Abstract

Sulfur mustard (SM; bis (2‐chloroethyl) sulfide) is a potent vesicating agent that has been used in chemical warfare. Exposure of the eyes to SM can cause corneal erosions, epithelial defects, neovascularization, microblistering, and/or dry eye disease, all injuries that can lead to corneal epithelium sloughing and ultimately blindness. In the present studies, the effects of ocular exposure to SM vapor (0.420 mg/L for 8 min) on the corneas of male New Zealand white rabbits was characterized at 1, 3, 7, 14, 21 and 28 days post‐exposure. During this time, corneal thickness increased from ~400 microns to 600–900 microns. Unexposed control corneas were clear throughout the time course. However, after SM exposure increased corneal thickness was associated with decreased corneal opacity and neovascularization. Histologically, SM exposure induced epithelial‐stromal separation at 3 days, by which time 16% of the epithelia had separated from the stroma, and by 28 days detachment had decreased to 9%. Also observed was post‐SM epithelial thinning, increased stromal disorganization, and edema. Sporadic keratocytes were also evident in the edematous stroma by day 14. At 28 days post‐SM, an inflammatory cell infiltrate was observed in the stroma. In control corneas, keratin 17, a marker of wound repair, was constitutively expressed in the limbus and bulbar conjunctiva. By 14 days post‐SM, keratin 17 was expressed in the peripheral corneal epithelium, and by 28 days it was expressed in the central cornea. PCNA, a proliferation marker, was constitutively expressed in the nuclei of control corneal epithelial cells. Three days post‐SM, PCNA expression was decreased along the damaged basal layer. Twenty eight days post‐SM, PCNA was upregulated in the nuclei of hyperplastic cells of the central cornea and cells of the limbus, indicating wound repair.
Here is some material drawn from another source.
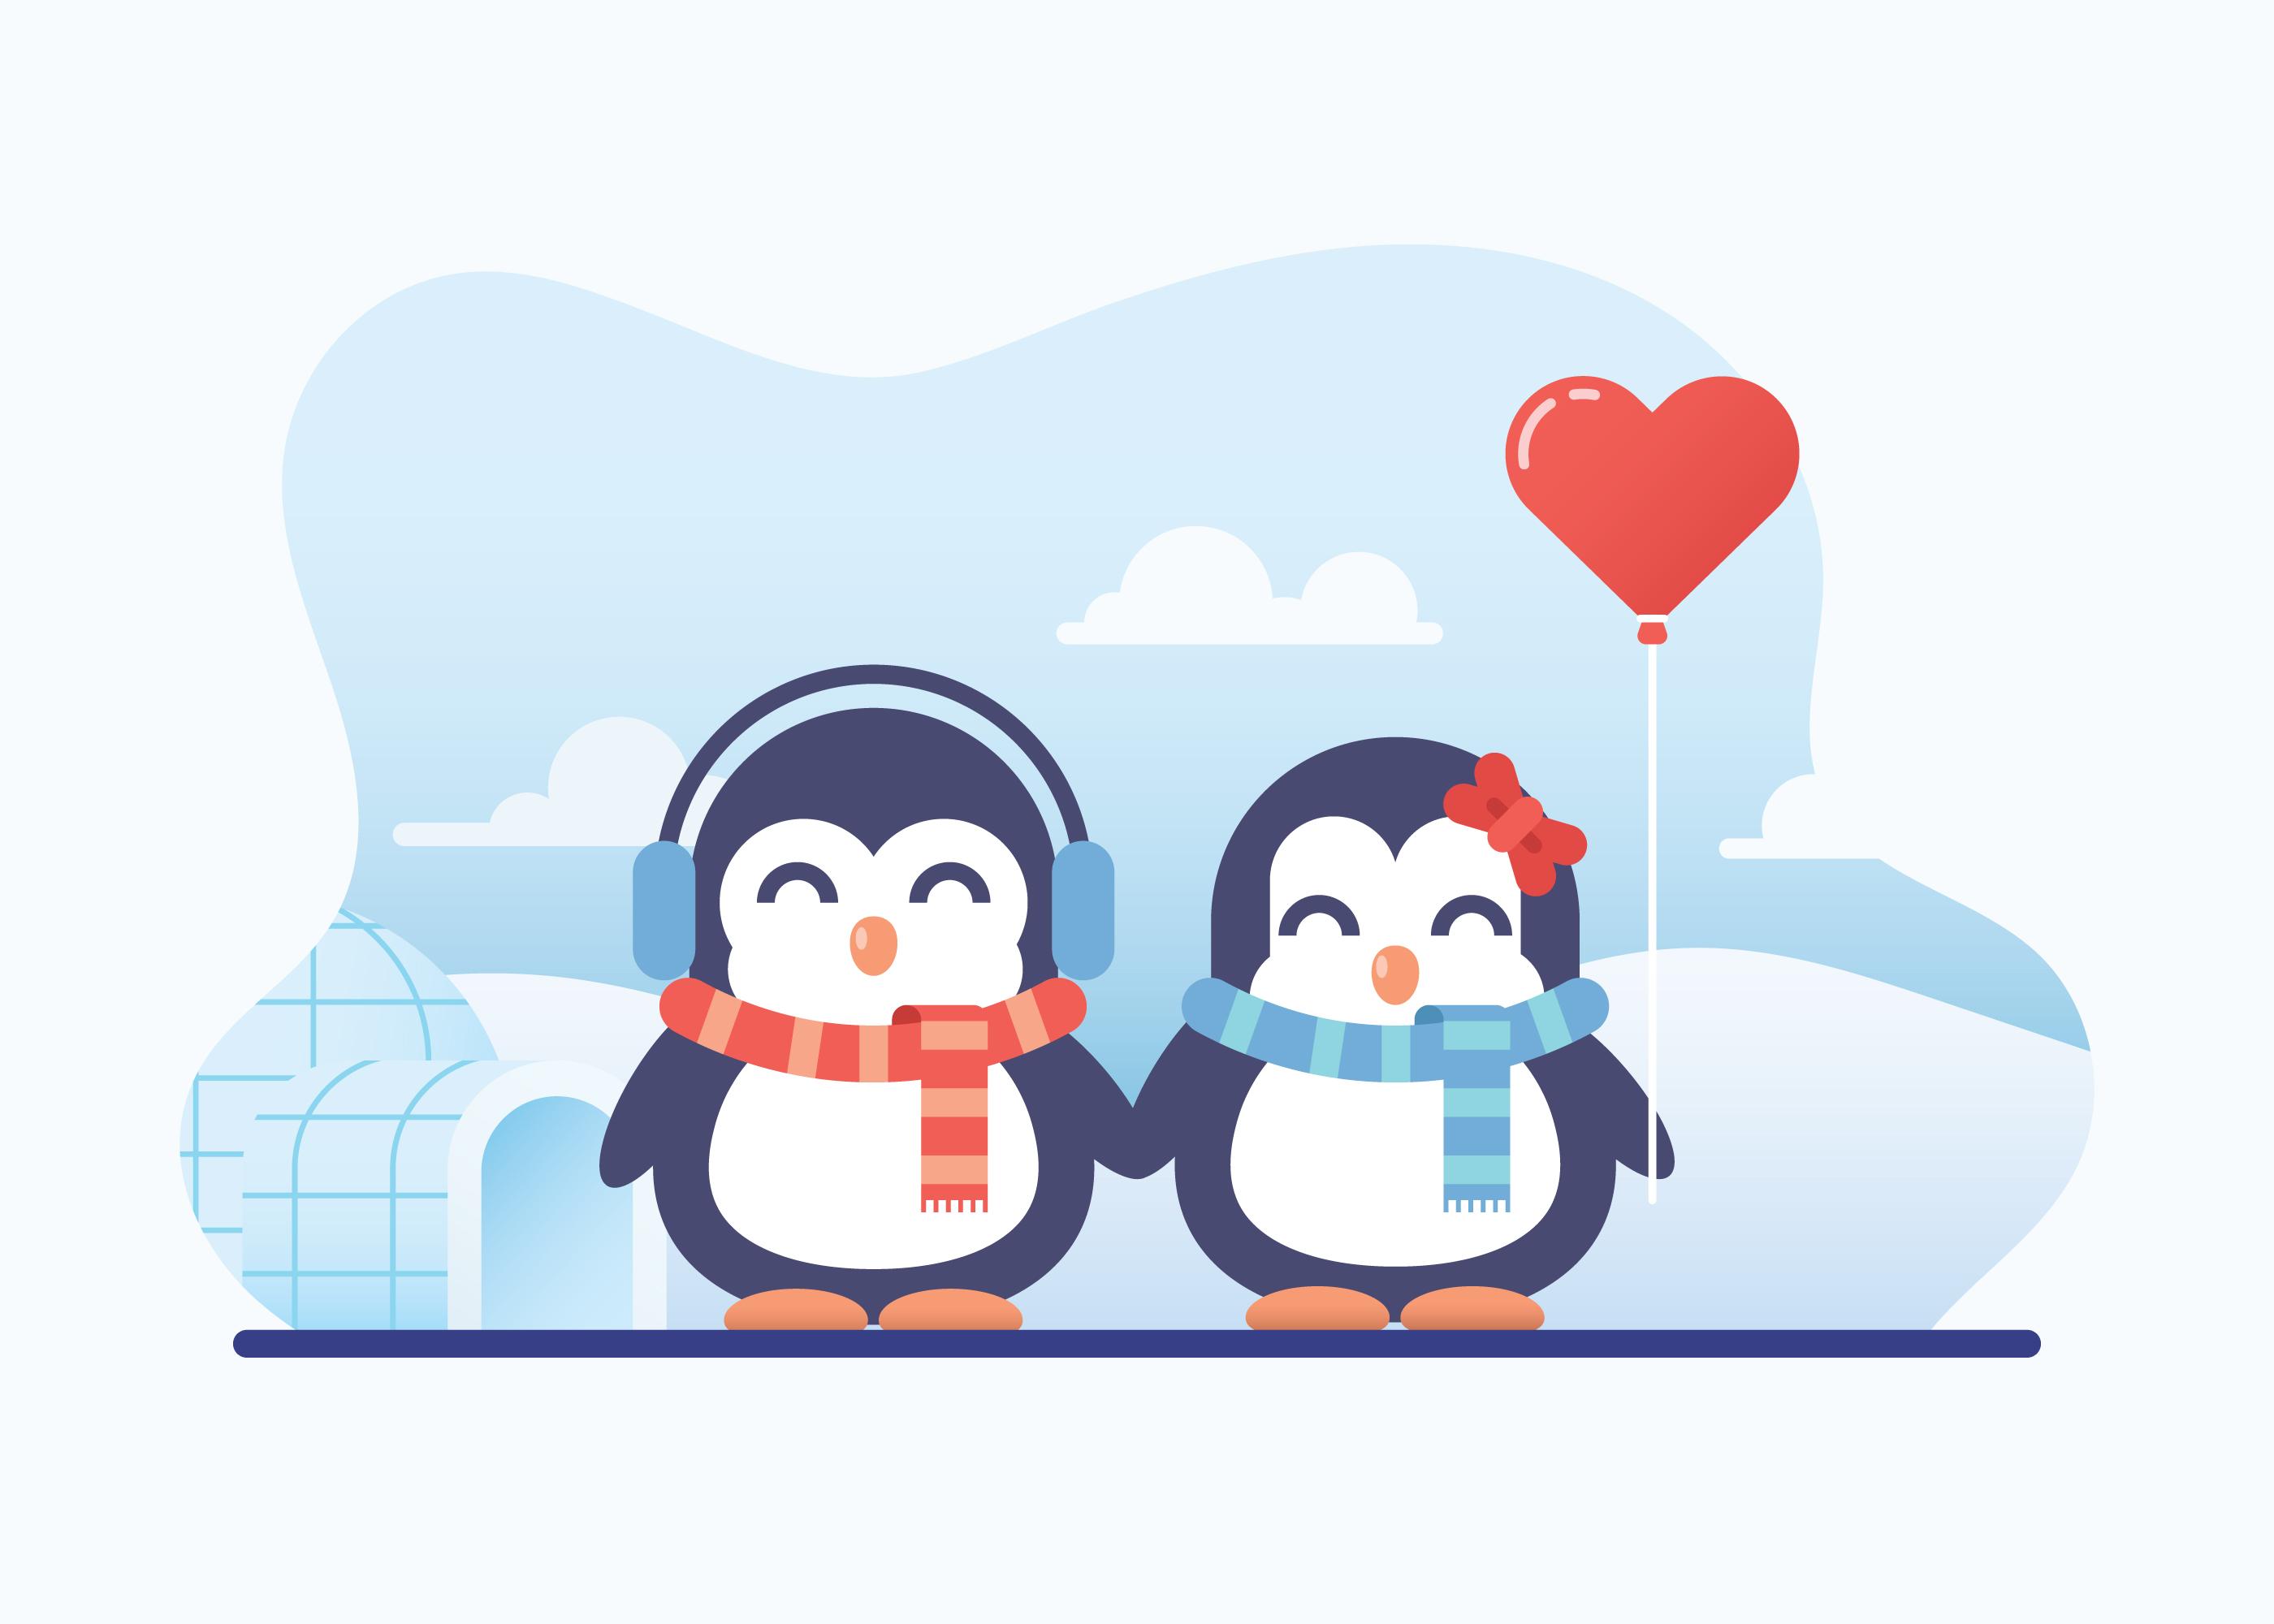 cute penguin love wallpaper ��������������������������������hasshe

These data suggest that limbal and /or conjunctival epithelial cells play a role in the repair of SM‐induced corneal injury. A better understanding of the mechanisms of SM‐induced corneal damage will lead to the development of new therapeutics for the treatment of these debilitating ocular injuries. Supported by NIH grant AR055073.Support or Funding InformationSupported by NIH grant AR055073.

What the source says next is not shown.